The script file must define the test module that contains the tests. The expression use ExUnit.Case prepares the test module for testing. This expression injects some boilerplate that makes the module compliant with ex_unit and imports some helper test macros to the module.

One such macro is test, which can be used to define tests. You’ll use it to test the behavior of Todo.Cache.server_process/2.

Listing 7.5 Testing server_process (todo_cache/test/todo/cache_test.exs)

defmodule Todo.CacheTest do
  use ExUnit.Case
 
  test "server_process" do                                       
    {:ok, cache} = Todo.Cache.start()
    bob_pid = Todo.Cache.server_process(cache, "bob")
 
    assert bob_pid != Todo.Cache.server_process(cache, "alice")  
    assert bob_pid == Todo.Cache.server_process(cache, "bob")    
  end
 
  ...
end

Defines a test

Test assertions

To define a test, you need to write test test_description do ... end. The test description is a string that’s included in the output if the test fails. The code of the test itself is included in the do block.

The test macro is an example of metaprogramming capabilities in Elixir. This macro will generate a function that contains some boilerplate and the code provided in the do block. This function will then be invoked by ex_unit when you execute tests.

In this particular test, you first start the cache process and then fetch one server process. Then, you verify the expected behavior. This is done with the help of the assert macro, which takes an expression and verifies its outcome. If the expression fails, assert will raise an error with a descriptive output. This error will be caught by ex_unit and displayed.

For example, take a look at the first assertion:

assert bob_pid != Todo.Cache.server_process(cache, "alice")

In this assertion, you’re verifying that Alice and Bob’s to-do lists are powered by different processes.

Just like test, assert is a macro and, therefore, is invoked during compilation. The macro introspects the expression and transforms it into different code. An approximation of the generated code could be something like this:

left_value = bob_pid
right_value = Todo.Cache.server_process(cache, "alice")
 
if left_value == right_value do
  # raise an error
end

In other words, the assert macro generates the code that will fail if the expression bob_pid != Todo.Cache.server_process(cache, "alice") returns false.

A great benefit of the way assert works is that you don’t need to learn a completely new set of functions, such as assert_equal, assert_not_equal, or assert_gt, to write your assertions.
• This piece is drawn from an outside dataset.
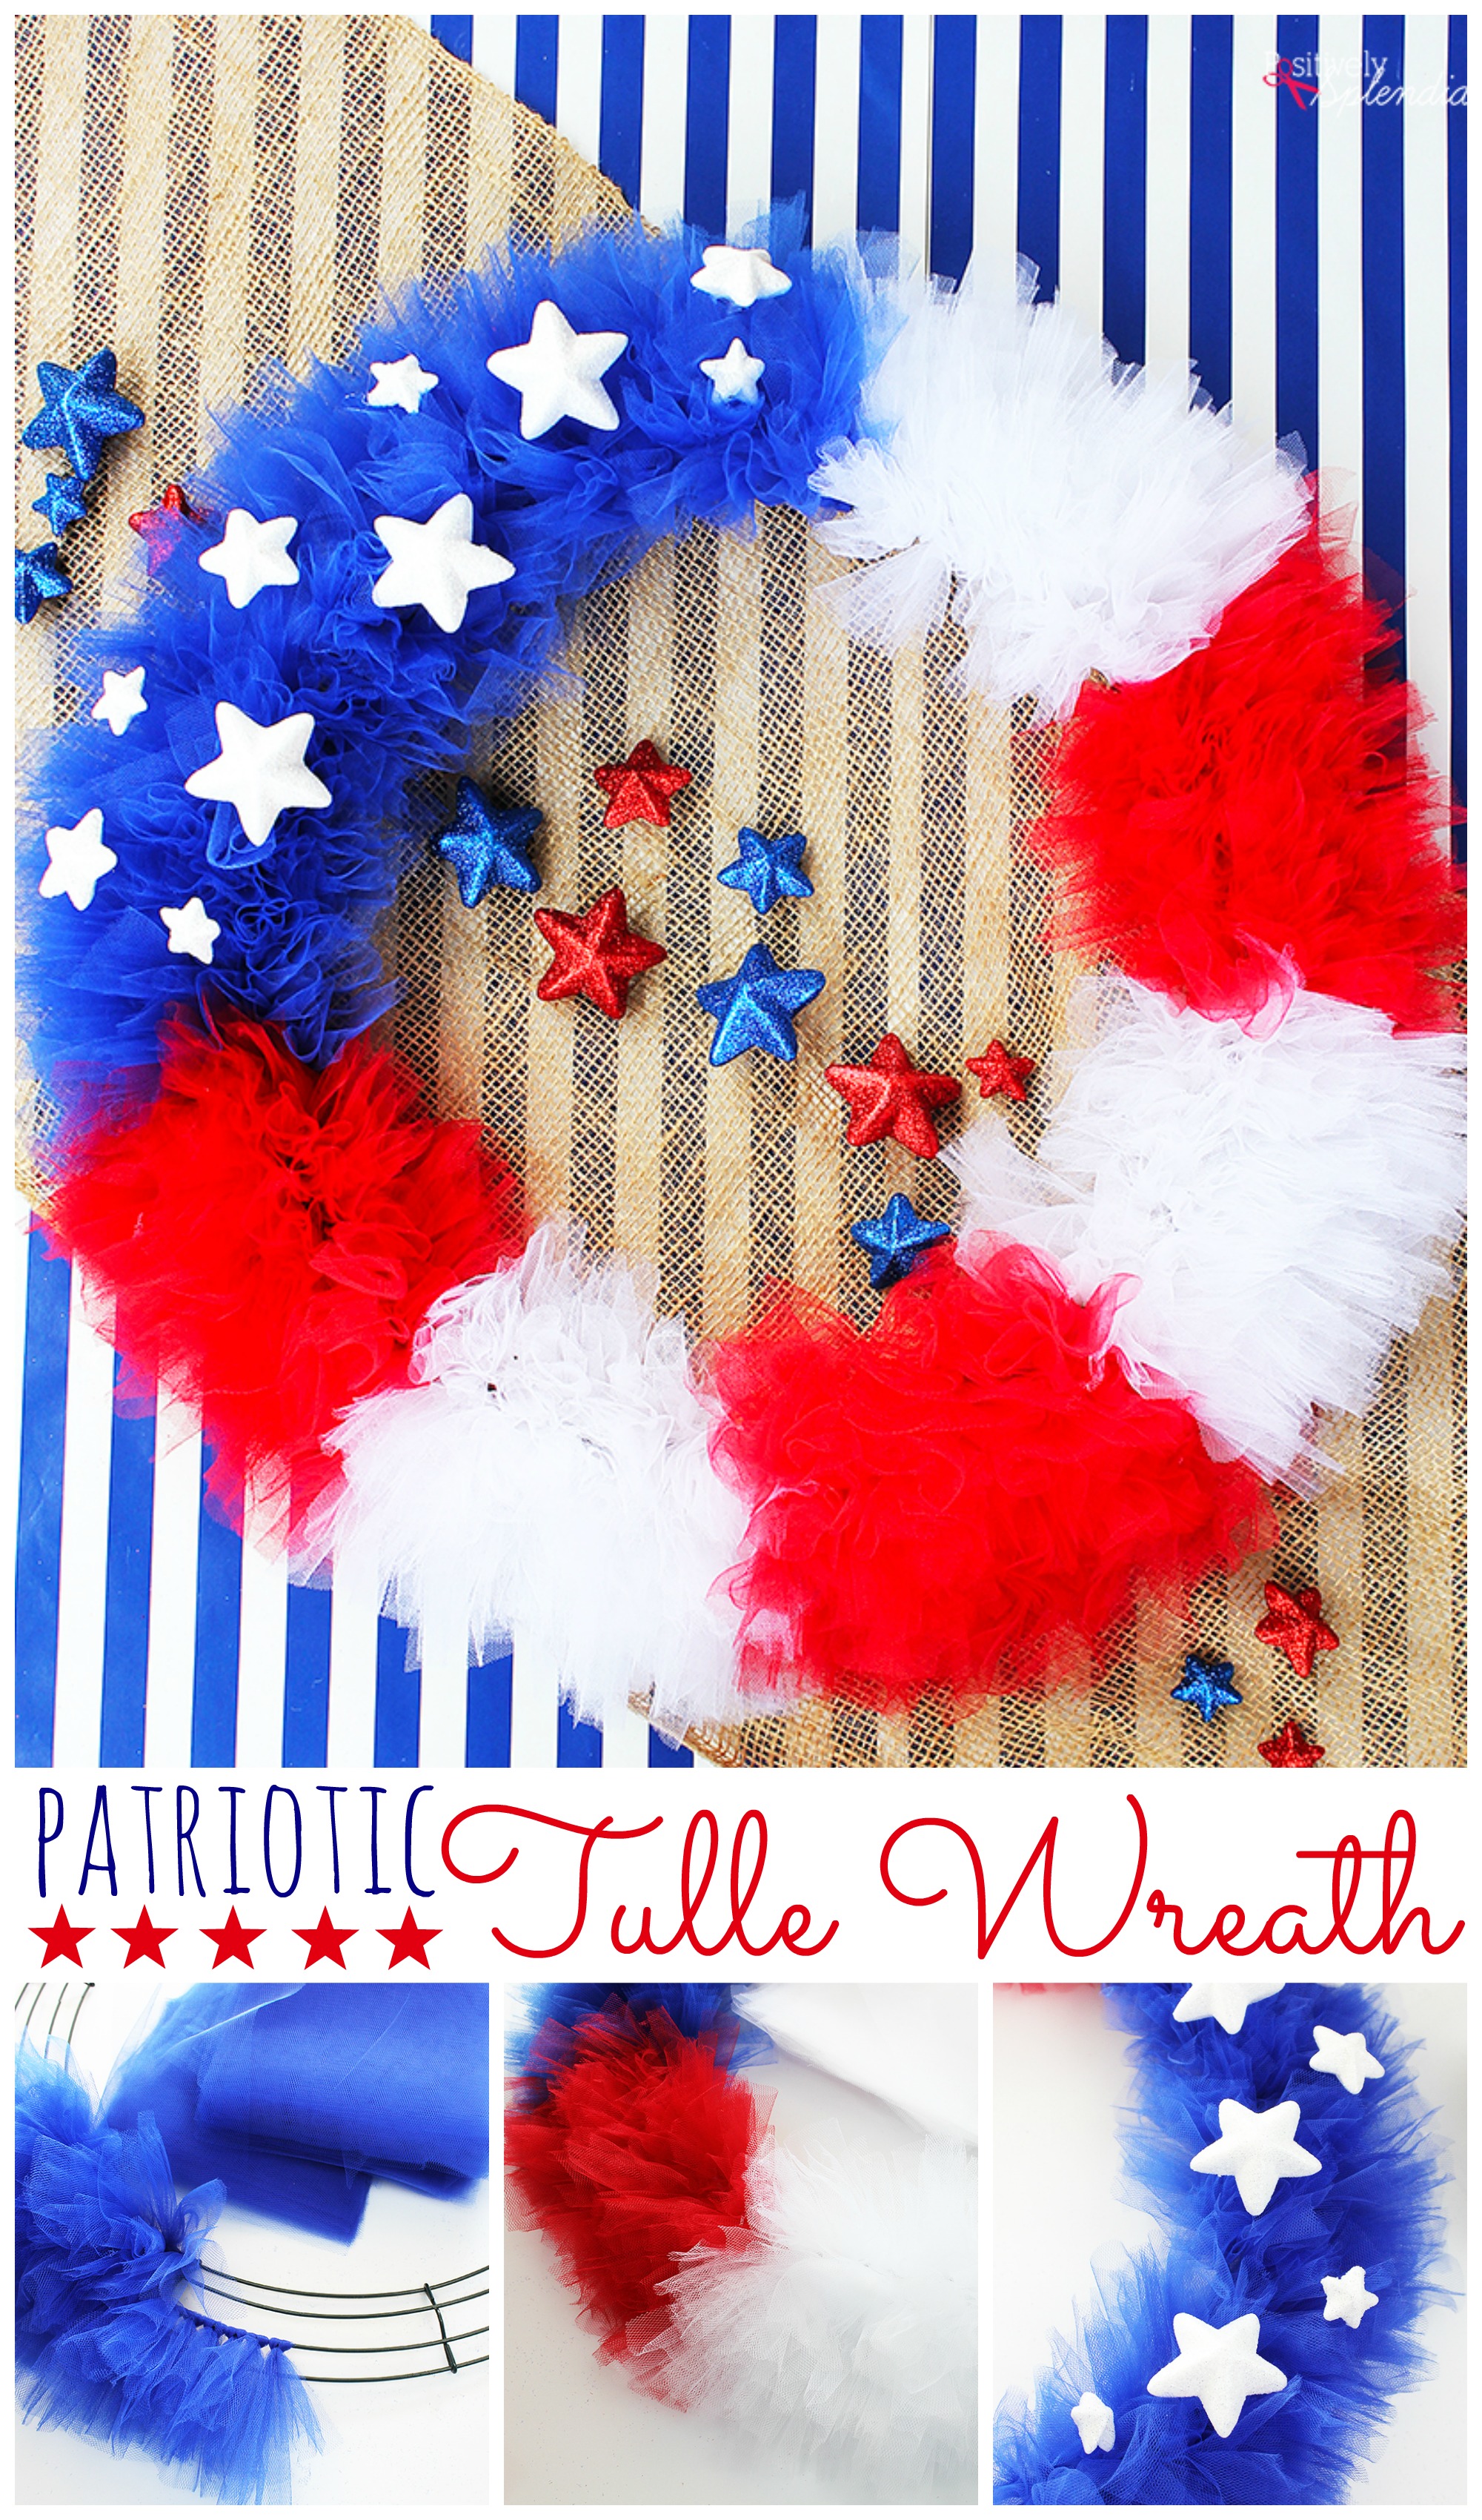 Patriotic Ribbon and Tulle Wreath - The Ribbon Retreat Blog

Instead, you use the same expressions as in the regular code to verify the desired behavior. You can assert on standard comparisons, such as ==, !=, >, <, and so on.
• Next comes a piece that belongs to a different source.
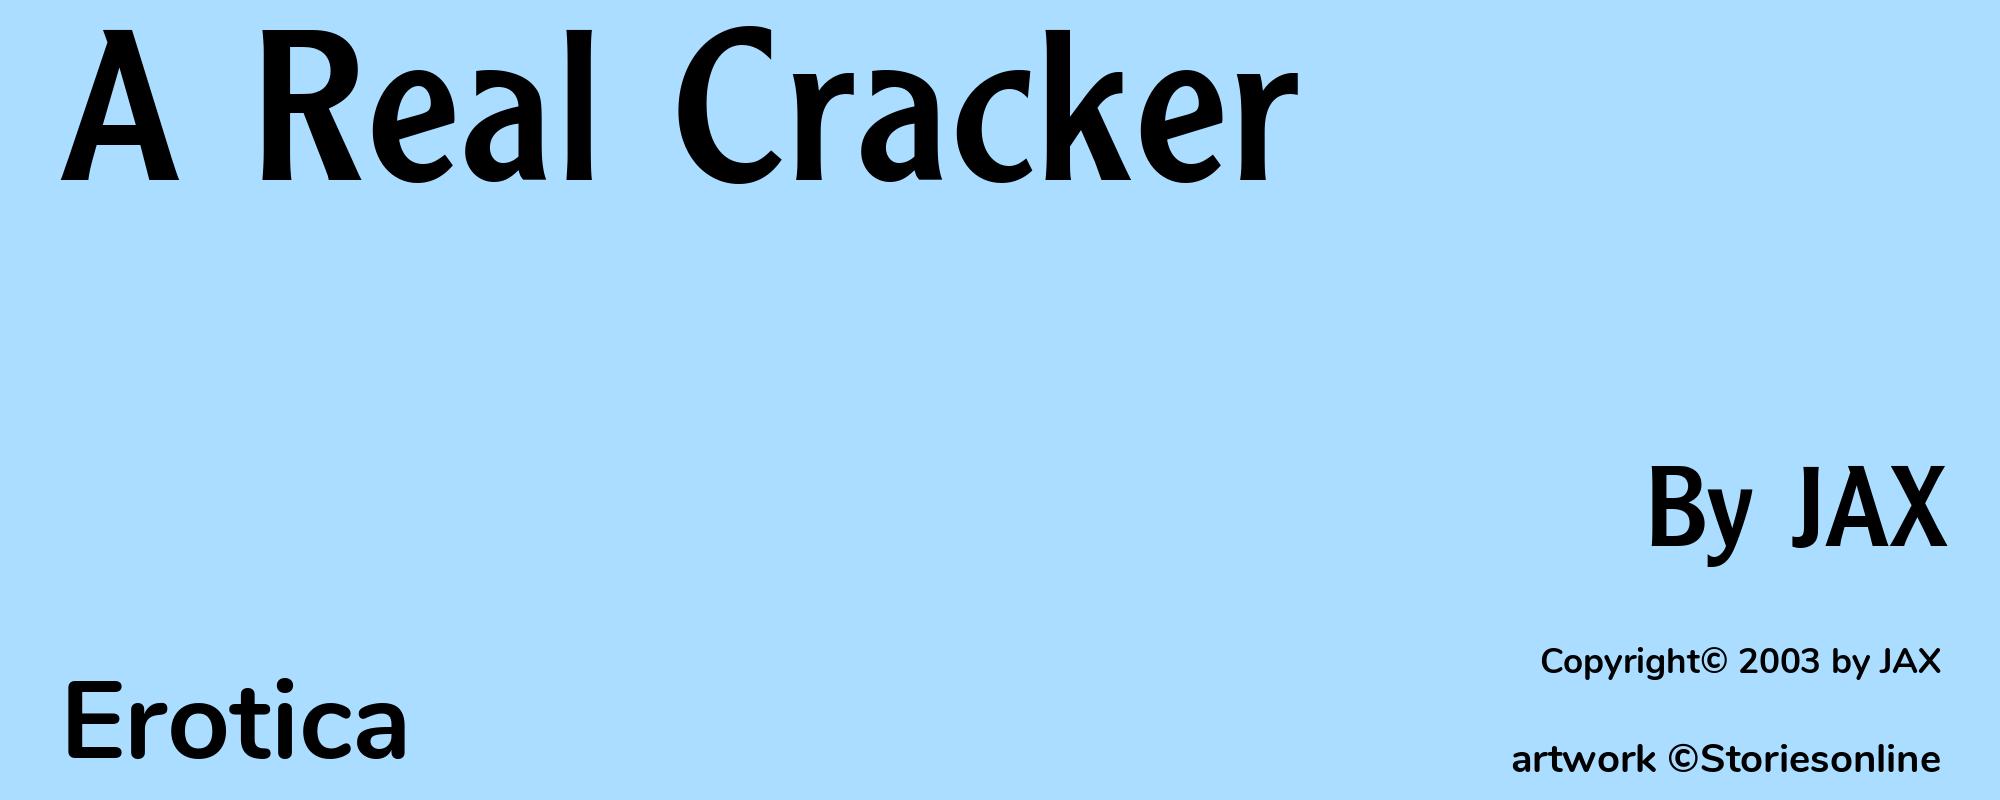 A Real Cracker - Cover

You can even assert that a pattern-matching expression succeeded. Let’s look at a quick example. You’ll add another test that verifies the behavior of to-do server operations. To keep things simple, you’ll include the test in the same file.

Listing 7.6 Testing to-do server operations (todo_cache/test/todo/cache_test.exs)
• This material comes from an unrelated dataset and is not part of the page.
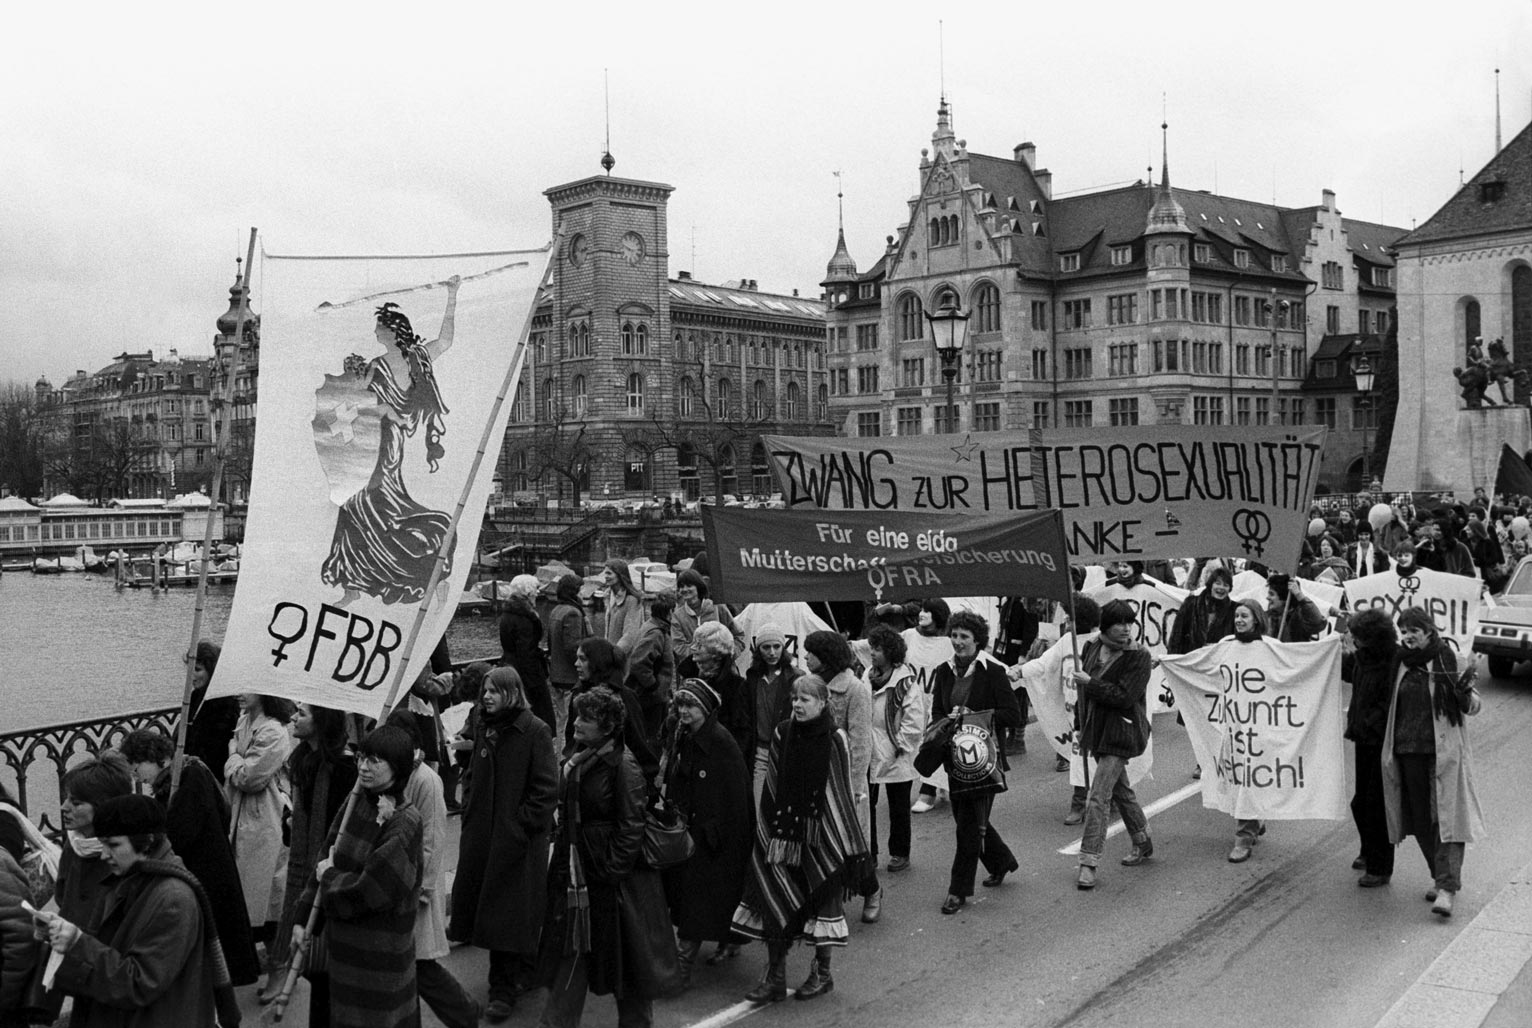 Demonstrations for equal rights for women and sexual minorities in Zurich, 1979. Source: Keystone

defmodule Todo.CacheTest do
  use ExUnit.Case
 
  ...
 
  test "to-do operations" do
    {:ok, cache} = Todo.Cache.start()
 
    alice = Todo.Cache.server_process(cache, "alice")
    Todo.Server.add_entry(alice, %{date: ~D[2023-12-19], title: "Dentist"})
 
    entries = Todo.Server.entries(alice, ~D[2023-12-19])
    assert [%{date: ~D[2023-12-19], title: "Dentist"}] = entries     
  end
end

Asserts a matching expression

Here, you create one to-do server, add a single entry, and then fetch the entries for the given date. Finally, using pattern matching, you assert that the list of entries has exactly one element, with date and title fields having proper values. Relying on pattern matching allowed you to check only the relevant fields and to verify the size of the result in a single expression.

At this point, you’ve created a single test file with a couple of tests. The test project in the todo_cache folder also includes another test file called test/todo/list_test.exs, which verifies the behavior of the Todo.List module. For the sake of brevity, that code isn’t presented here.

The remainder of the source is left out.